Yes, this was the time before we all got hooked on overdoses of New World hops but there was still scope for some variation, surely? They did a series of single hop beers (well of course they did, they did a series of fucking everything) none of which had enough of the damn things in to serve as a limp handshake, let alone a full-blown introduction to the variety.

(Incidentally the best Ash Vine beer was probably one of their standard offerings - Black Bess Porter - simply because it was actually different from most of the stuff they were churning out and had a slightly sweet toastiness about it if I remember correctly.)

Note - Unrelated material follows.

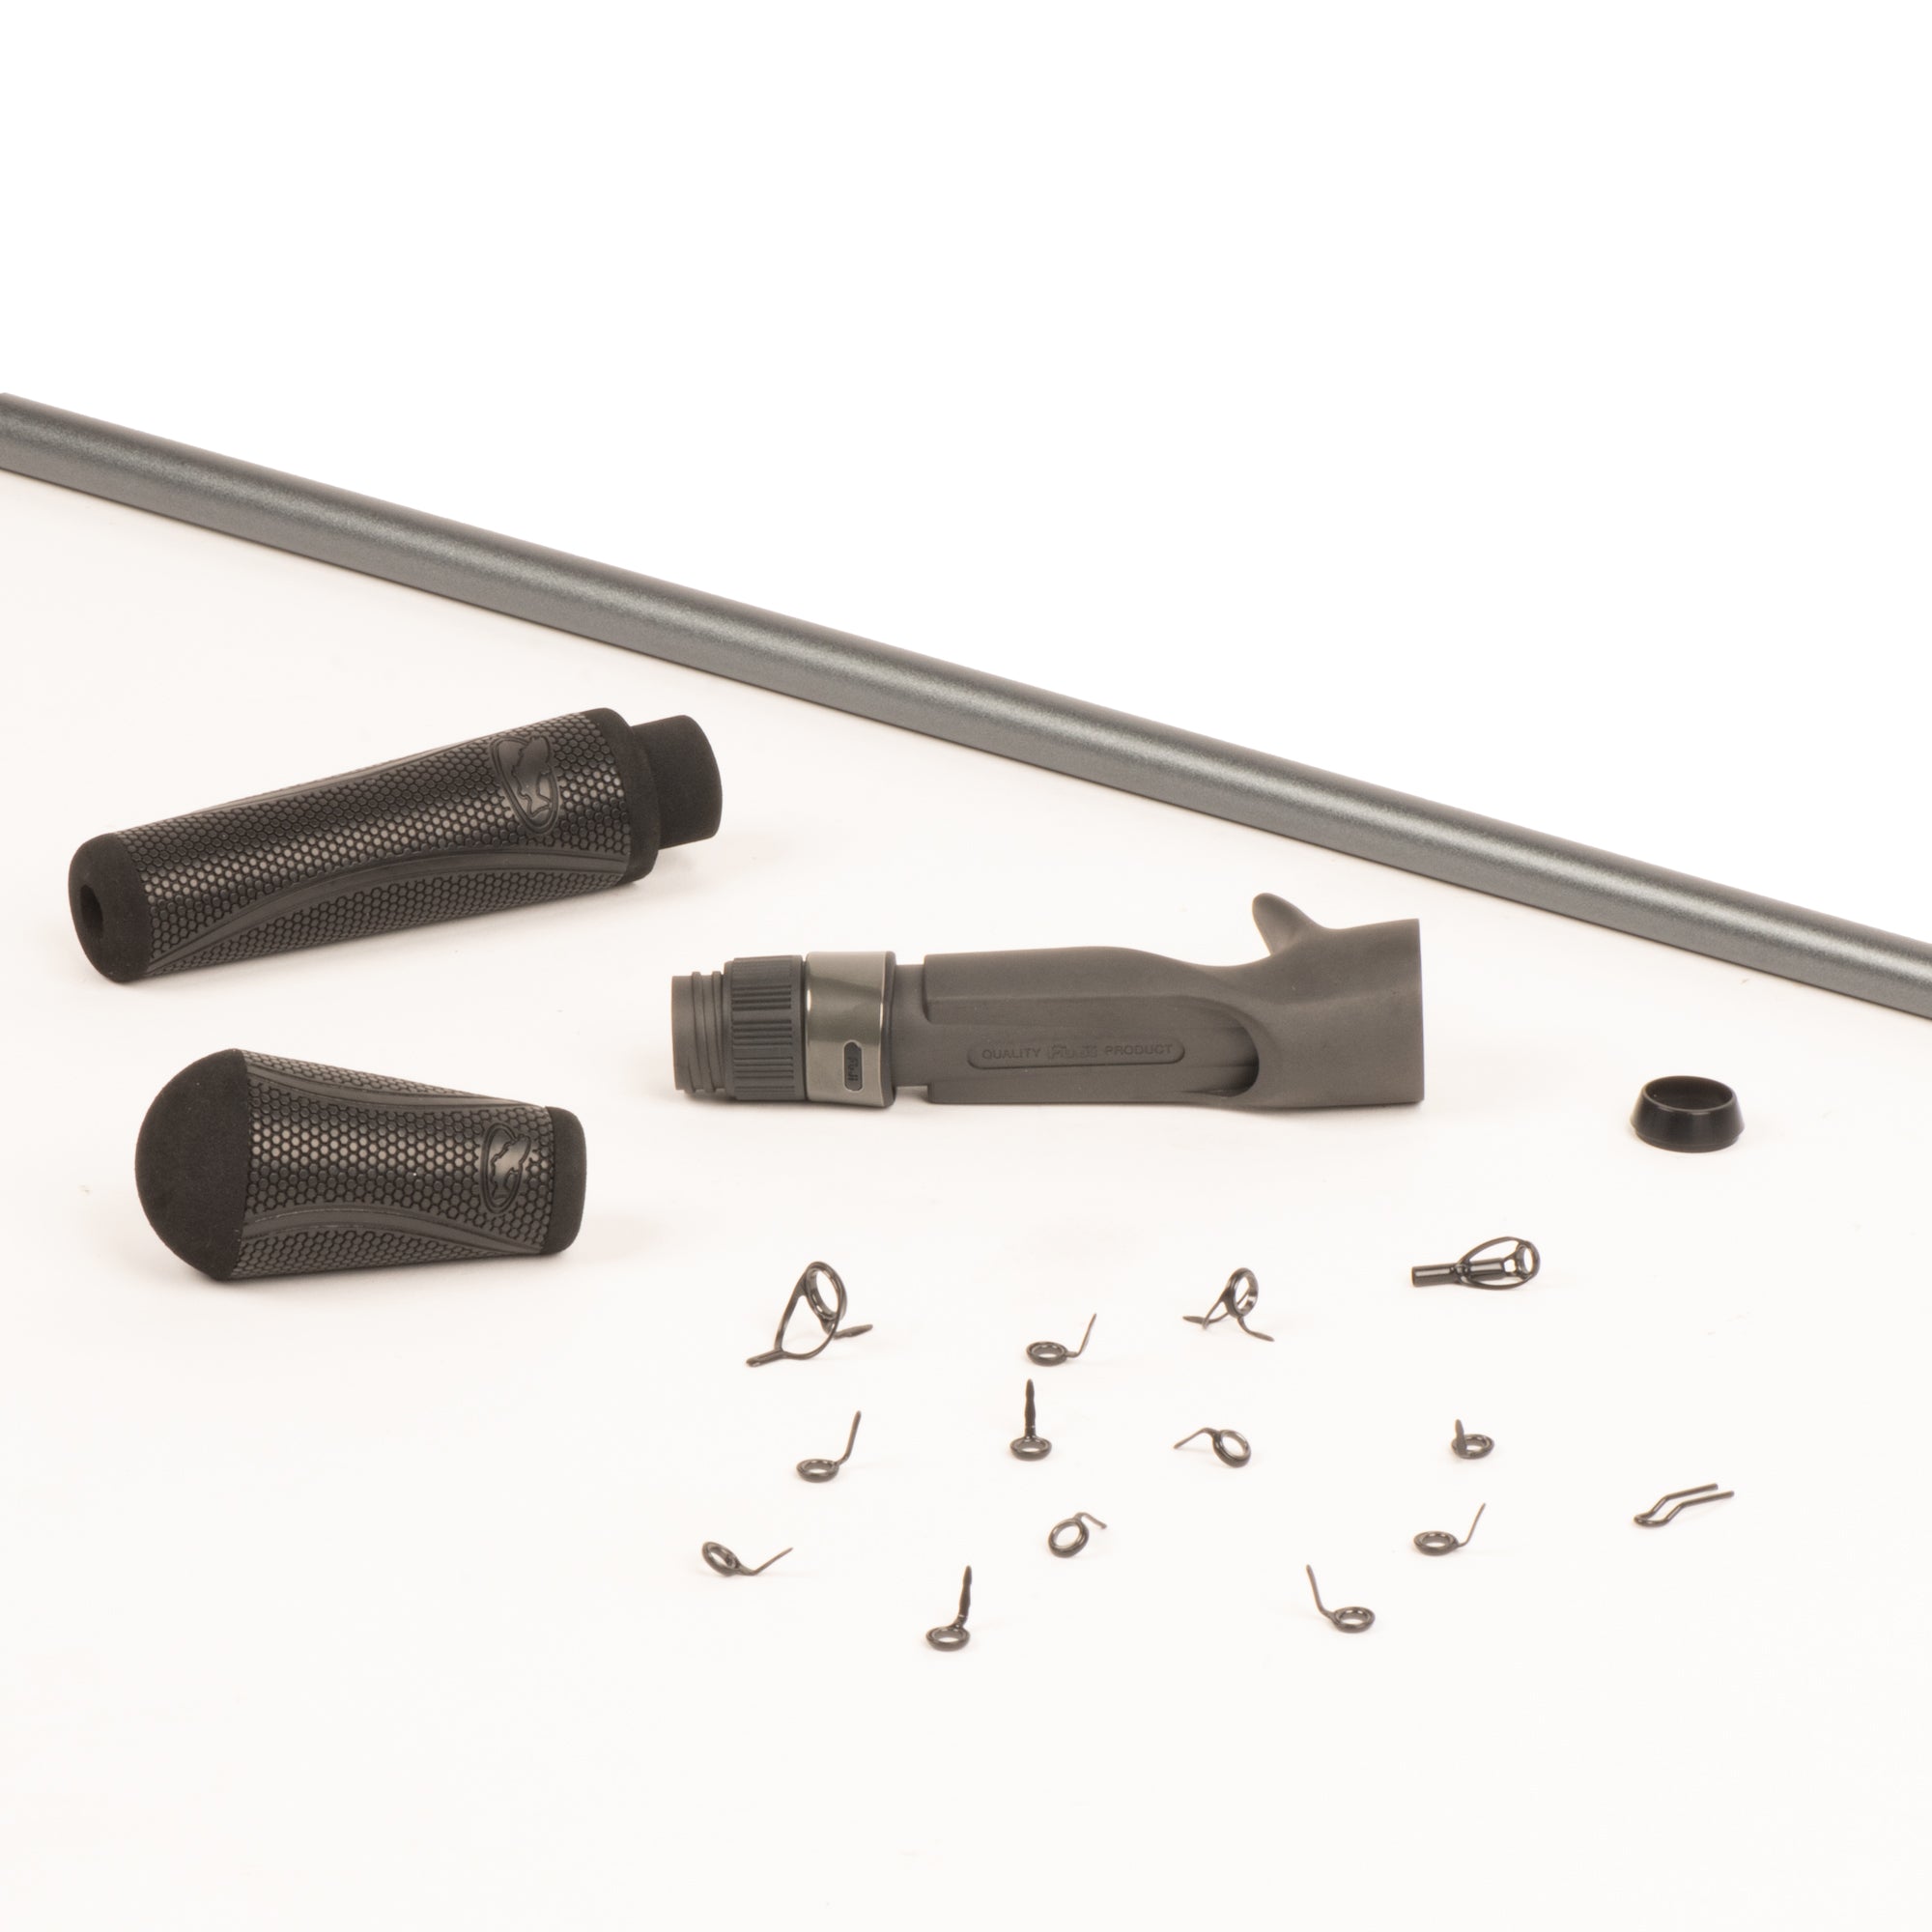 Matt Stefan 7'3" Med-Heavy Super Versatile Baitcasting Rod Component Kit

But the blandness and sameyness of their beers doesn't really explain why they suddenly went under at a time when the future seemed bright, at least in terms of numbers and distribution? After all, other breweries have deployed the same tactic. Like Cottage with their endless train-themed ales, and Welton's who never miss an opportunity to cash in on an event.

(As an aside, I recently tried Windsor & Eton's 90 Glorious Years, a beer brewed to celebrate the 90th birthday of our longest-reigning monarch in history. An opportunity to brew something different, something spectacular, right? Like a 9% Imperial White IPA or something. Instead this 'special' beer is a bog-standard, bland 4.0% bitter that tastes exactly like any number of everyday beers...)

Ash Vine were far from alone, so what happened? Did Tim Martin have them dropped from the Wetherlist? Did they borrow too heavily for their larger brewery and suffer debilitating cash-flow issues? (I've seen this happen to far better breweries than Ash Vine). Did they go down the less cask, more bottling route and find the demand just didn't exist at the time?

If anybody does know what actually happened to Ash Vine, do let me know. I never heard anything about founder Rob Viney going on to another brewery somewhere else, but for a time in the late 1990s, Ash Vine's star briefly shone. Unlike most of their beers.


Ash Vine 1987-2001


1 comment:

  1. I've just thought of Ash Vine for first time in years, and found this site. Their beers had lots of names but tasted basically the same. Very distinctive but not in a good way. Not surprised they're history.